My third year with this one. Stronger fragrance and more intensely colored petals than last year. My only Cattleya hybrid (for now).


----------



## Ozpaph (Oct 23, 2016)

its a very pretty flower


----------



## Lanmark (Oct 23, 2016)

That's nice!


----------



## Migrant13 (Oct 23, 2016)

Very colorful...I like it.


----------



## abax (Oct 23, 2016)

Very nice. I love the color combination.


----------



## adiaphane (Oct 24, 2016)

Lovely!


----------



## NYEric (Oct 24, 2016)

Nice, Are you using HPS lights


----------



## Paph_LdyMacBeth (Oct 24, 2016)

This little catt was gifted to me when I first started growing, but died before I could bloom it  I am always a little sad when I see one in bloom because they are absolutely beautiful! 
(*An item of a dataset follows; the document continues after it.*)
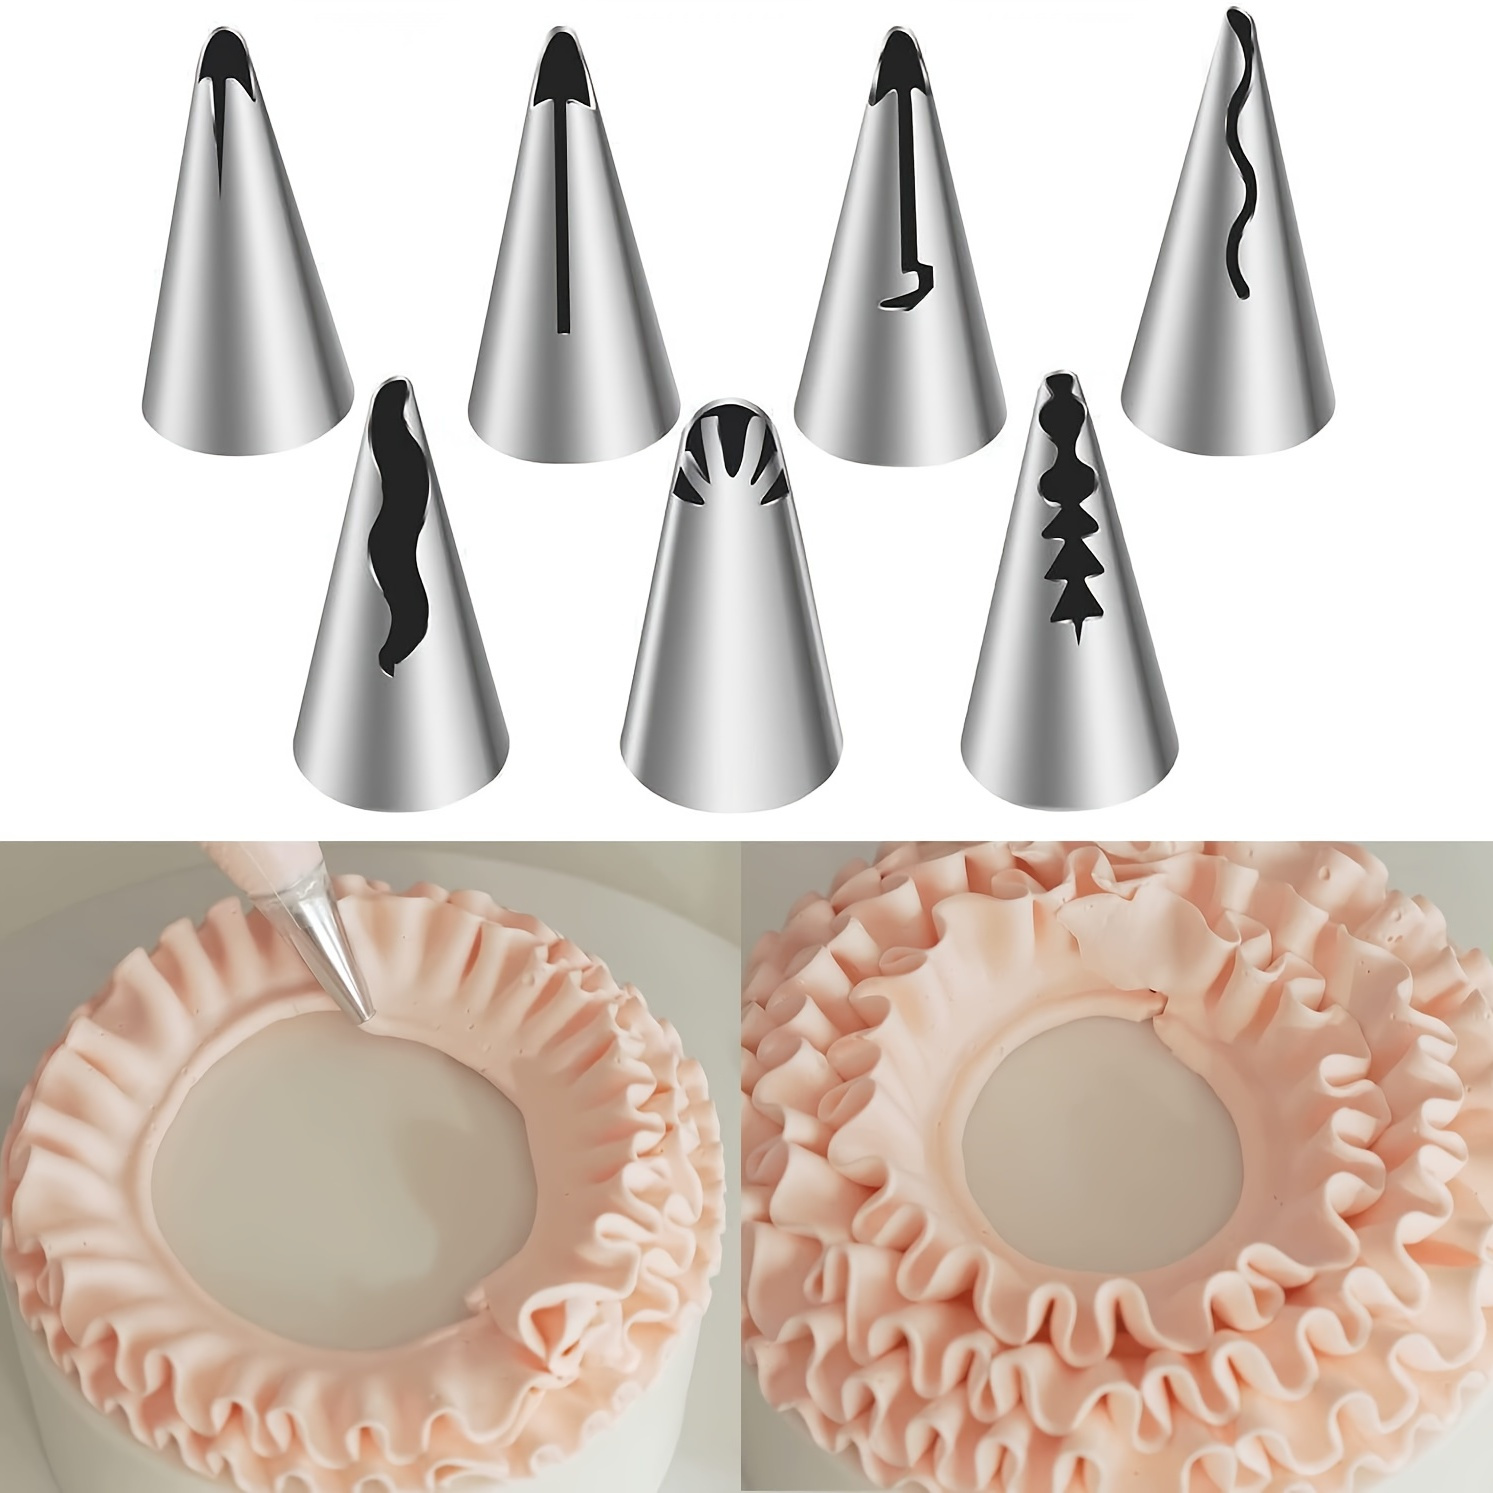 

7pcs Stainless Steel Pleated Skirt Tube Nozzle Set For Pastry And Cake Decorating - Baking Supplies With Easy Release Design
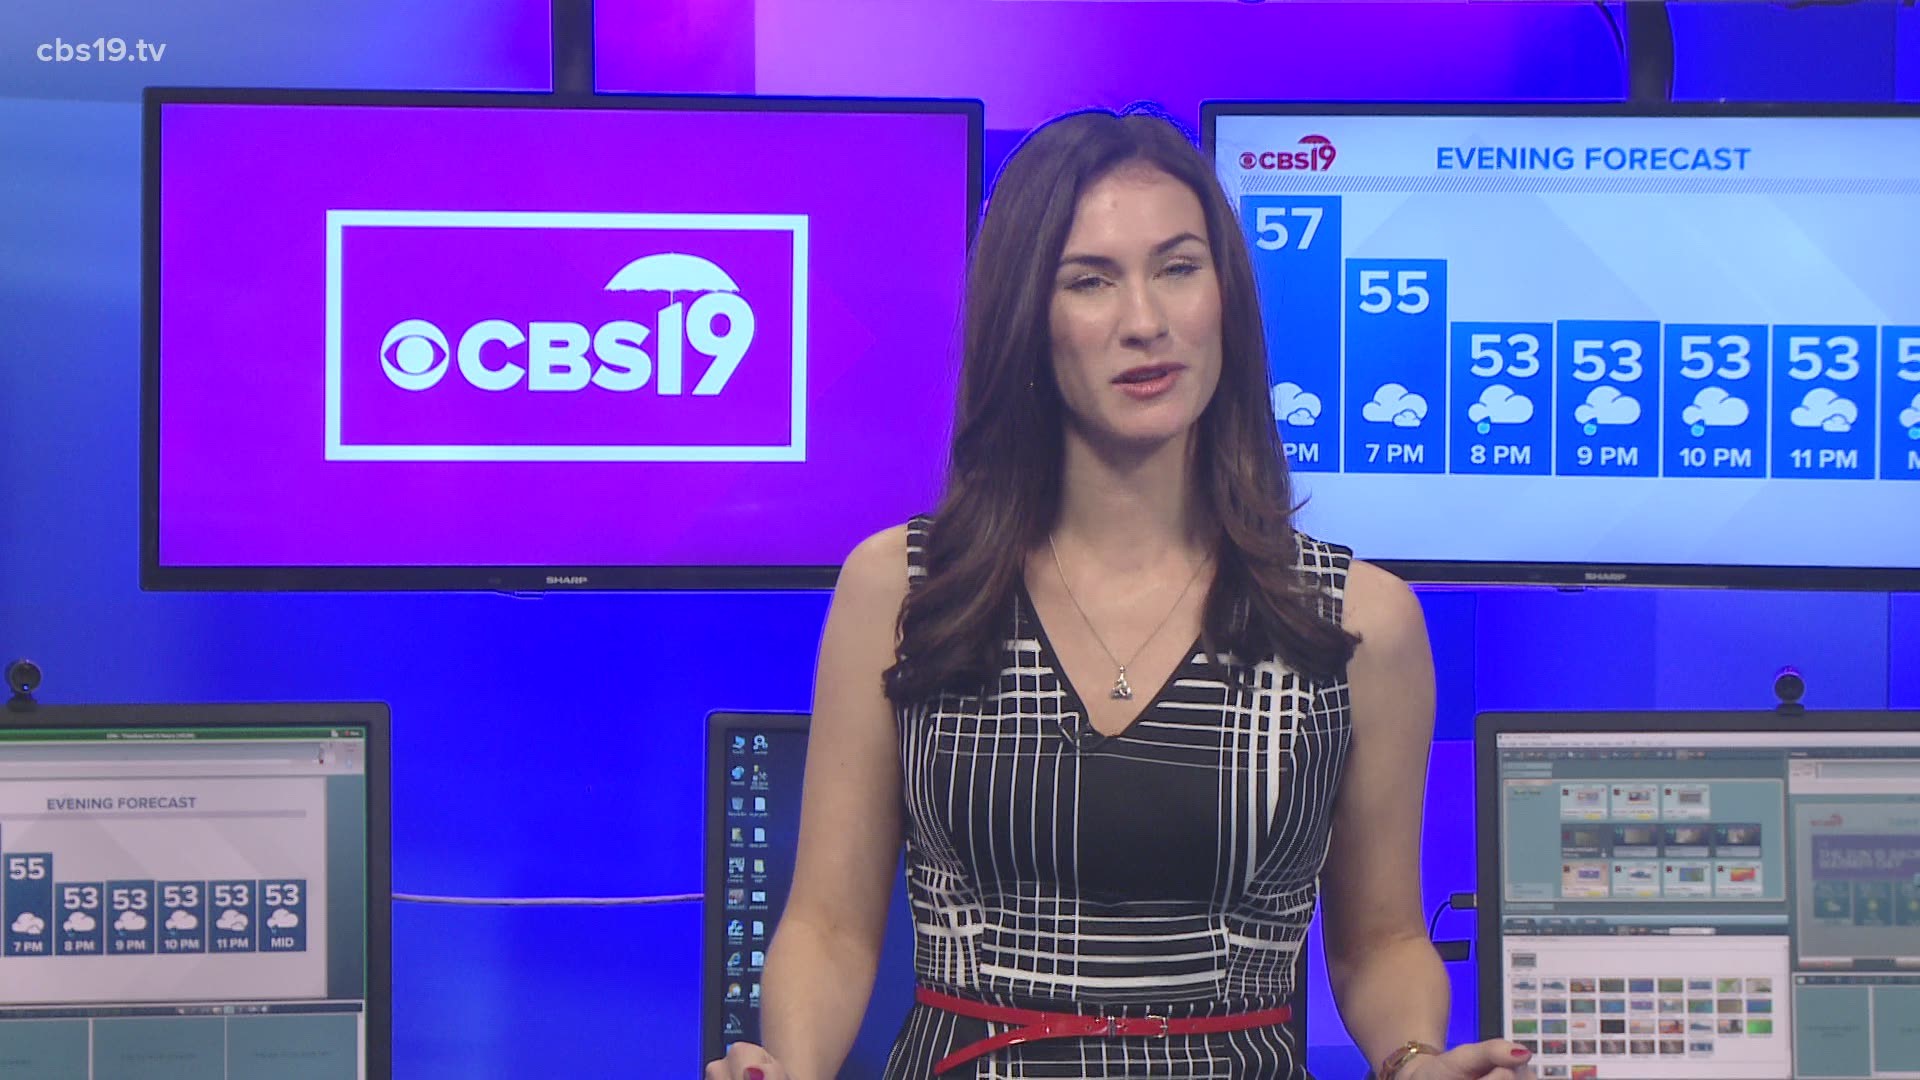 Colleen Campbell is the newest meteorologist to join the CBS19 Weather Team!

Funny side note it's actually named "Little Marmaid". It frequently gets misspelled because I am not sure a Marmaid is a thing ha ha Perhaps it was a registration typo? I am not sure though I have tried to research


----------



## SlipperFan (Oct 24, 2016)

Very pretty.


----------



## Linus_Cello (Oct 25, 2016)

Paph_LdyMacBeth said:


> Funny side note it's actually named "Little Marmaid". It frequently gets misspelled because I am not sure a Marmaid is a thing ha ha Perhaps it was a registration typo? I am not sure though I have tried to research



http://www.slippertalk.com/forum/showthread.php?t=30236&highlight=Marmaid


----------



## PaphMadMan (Oct 25, 2016)

Paph_LdyMacBeth said:


> Funny side note it's actually named "Little Marmaid". It frequently gets misspelled because I am not sure a Marmaid is a thing ha ha Perhaps it was a registration typo? I am not sure though I have tried to research



It was originally registered as Little Marmaid, but that was a typo. It was eventually corrected to Little Mermaid.


----------



## My Green Pets (Oct 25, 2016)

NYEric said:


> Nice, Are you using HPS lights


Was growing outdoors since May, brought in under 400 watt metal halide a few weeks ago.


----------



## Happypaphy7 (Oct 26, 2016)

Very pretty! And good photos!


----------



## callosum (Oct 26, 2016)

The actual name is Little Marmaid registered in 1997 (C. walkeriana x Bc. Maikai)


----------



## PaphMadMan (Oct 30, 2016)

callosum said:


> The actual name is Little Marmaid registered in 1997 (C. walkeriana x Bc. Maikai)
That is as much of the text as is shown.